Bosslet K, Kern H F, Kanzy E J, Steinstraesser A, Schwarz A, Lüben G, Schorlemmer H U, Sedlacek H H
Cancer Immunol Immunother. 1986;23(3):185-91. doi: 10.1007/BF00205648.
The murine monoclonal antibody (MAb) BW 494 was characterized in relation to its tissue specificity, the epitope recognized, in vitro and in vivo radiolocalization and its potential to mediate antibody dependent cellular cytotoxicity (ADCC) and complement mediated cytolysis (CMC). The MAb defined carbohydrate epitope located on a greater than 200 k daltons glycoprotein was mainly expressed on the majority of well differentiated adenocarcinomas of the pancreas. Furthermore, the epitope is accessible to MAb BW 494 in vivo, allowing an enrichment of radioactive antibody at the tumor site in nude mice. Additionally, MAb BW 494 is able to use human peripheral blood lymphocytes as effector cells for ADCC reactions against appropriate tumor target cells in vitro. In contrast, the antibody does not mediate human or rabbit CMC.

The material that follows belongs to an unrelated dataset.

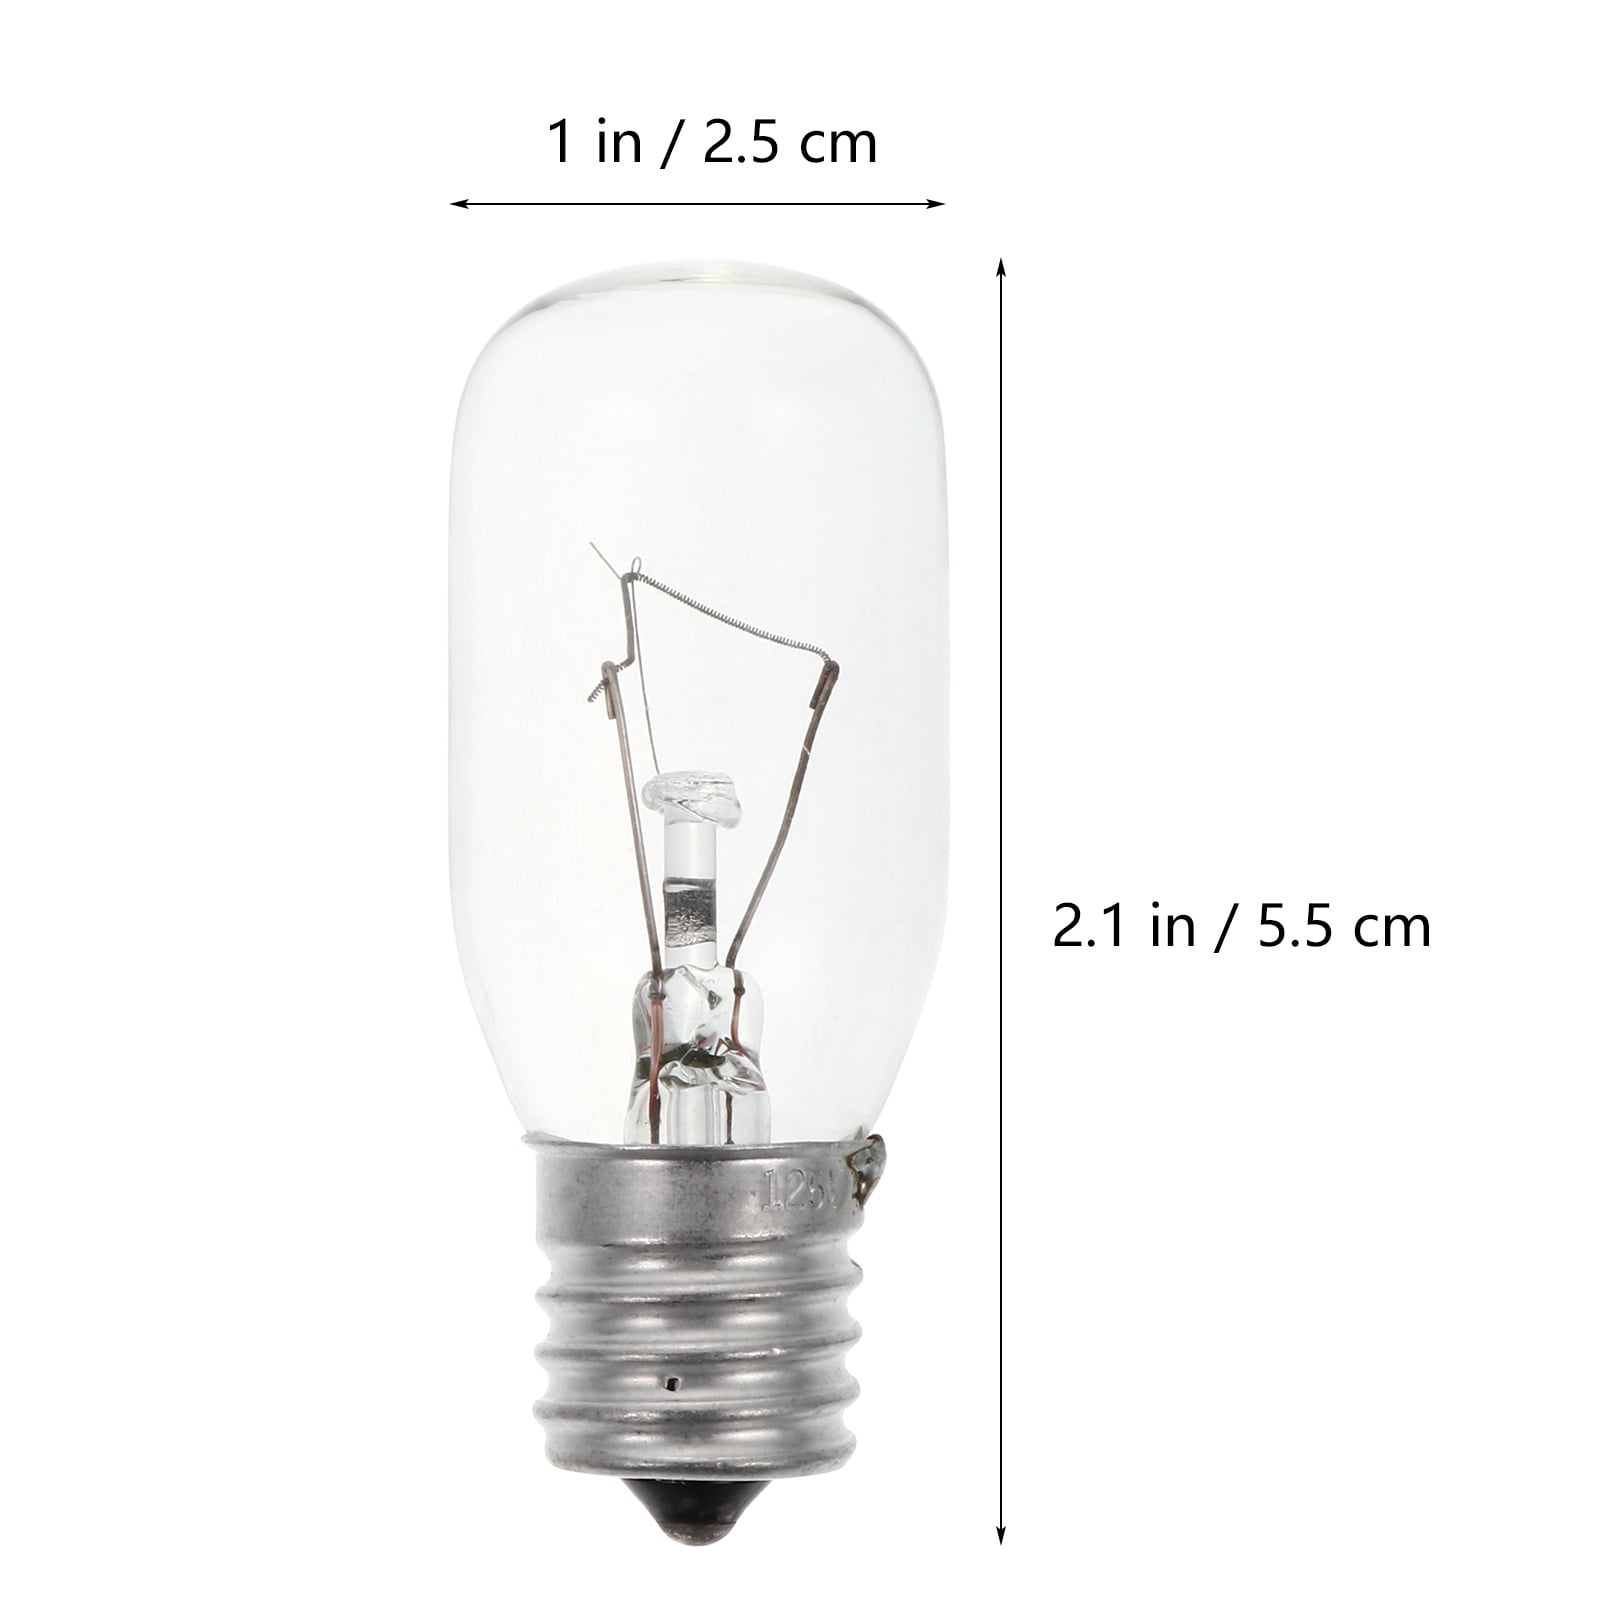 klif de studie Ambacht Bulb Light Microwave Oven Lamp Lamps Heat Resistant Toaster Bulbs E17 Clear  Replacement Appliance Led Refrigerator - Walmart.com

对鼠单克隆抗体(MAb)BW 494进行了特性研究,涉及组织特异性、所识别的表位、体内外放射性定位以及介导抗体依赖性细胞毒性(ADCC)和补体介导的细胞溶解(CMC)的潜力。该单克隆抗体所定义的位于大于200千道尔顿糖蛋白上的碳水化合物表位主要表达于大多数高分化胰腺腺癌。此外,该表位在体内可被单克隆抗体BW 494识别,使得放射性抗体在裸鼠肿瘤部位富集。另外,单克隆抗体BW 494能够利用人外周血淋巴细胞作为效应细胞,在体外针对合适的肿瘤靶细胞进行ADCC反应。相比之下,该抗体不介导人或兔的CMC。